К полудню мы проснулись и переместились еще ближе к городу, скрываясь в тени деревьев и замирая всякий раз при малейшем намеке на человека. Останавливались мы только в безлюдных местах. Однажды забрались на высокий каменный забор и нарвали целые охапки груш. Воровать было так приятно, и мы набрали гораздо больше, чем могли съесть. В итоге нам пришлось побросать фрукты обратно через забор и оставить гнить на солнце. С бельевой веревки мы стащили несколько чистых рубашек, а я даже взял белый свитер для Крапинки. Лусхог положил в карман один непарный носок.
– Традиция, – произнес он многозначительно и улыбнулся как Чеширский Кот. – «Тайна пропавшего носка».
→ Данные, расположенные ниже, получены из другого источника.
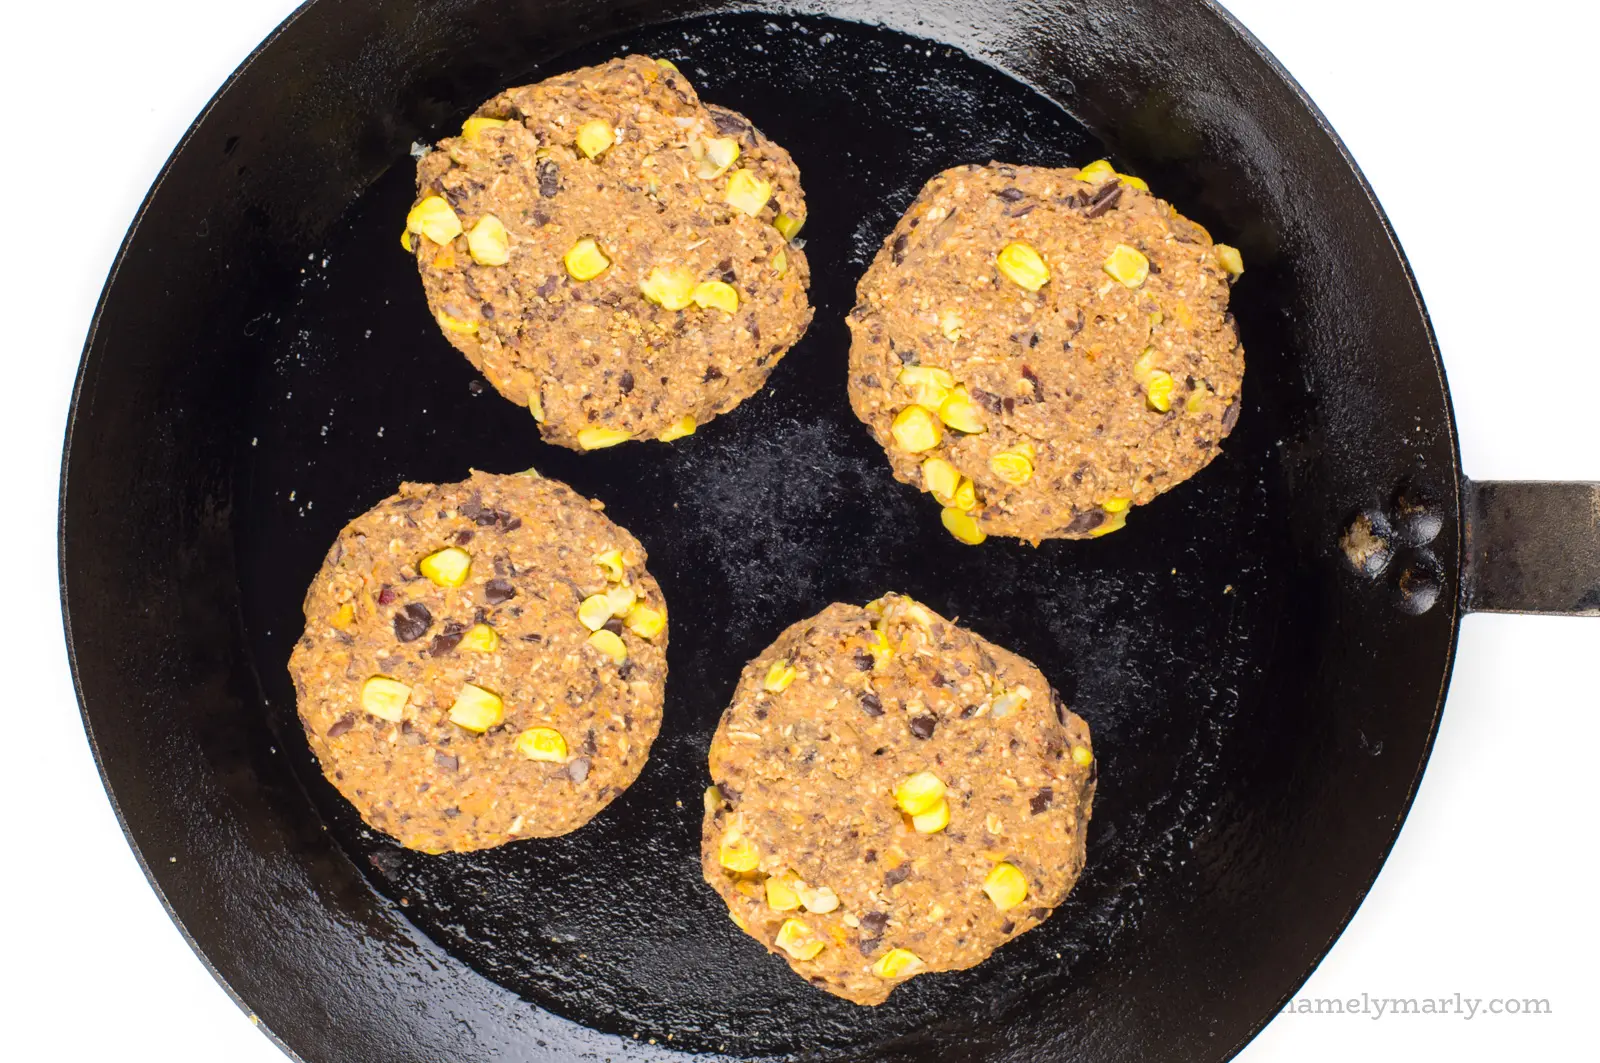 Black bean burger patties with fresh corn are cooking on a skillet.

Когда солнце повернуло за полдень, на улице показались дети, возвращавшиеся из школы, а еще через пару часов на больших автомобилях начали приезжать с работы их родители. Мы дождались вечера: в окнах зажглись, а потом стали гаснуть огни, послышались пожелания спокойной ночи, и дома стали исчезать в темноте, как лопающиеся пузыри. Горящие в ночи лампы выдавали романтиков, сидящих над книжками, или холостяков, грустящих в одиночестве. Игель, словно боевой генерал, долго изучал обстановку, прежде чем позволил нам выйти на улицу.
Много лет прошло с тех пор, как я смотрел в витрину магазина игрушек и трогал рукой кирпичную стену. Город стал мне чужим, хотя каждый его угол будил во мне ассоциации и воспоминания. У ворот католической церкви я словно слышал церковный хор, который пел на латыни. Возле дверей парикмахерской чувствовал запах одеколона и слышал щелканье ножниц. Почтовый ящик на углу напомнил мне, как я бросал туда «валентинки» и рождественские открытки. У дверей школы видел радостную толпу детей, с криками выбегавших на улицу после уроков. Но сам я изменился: улицы раздражали меня своей прямотой, здания – неестественностью, окна – прямыми углами. Мне казалось, что я угодил в лабиринт. Особенно раздражали дорожные знаки, рекламные плакаты и предостерегающие надписи – «Стоп», «Ешь здесь», «Стирка и сушка», «Установите цветной телевизор» – они больше не содержали в себе какой-то тайны, а просто раздражали своей тупостью. Наконец мы пришли куда и направлялись.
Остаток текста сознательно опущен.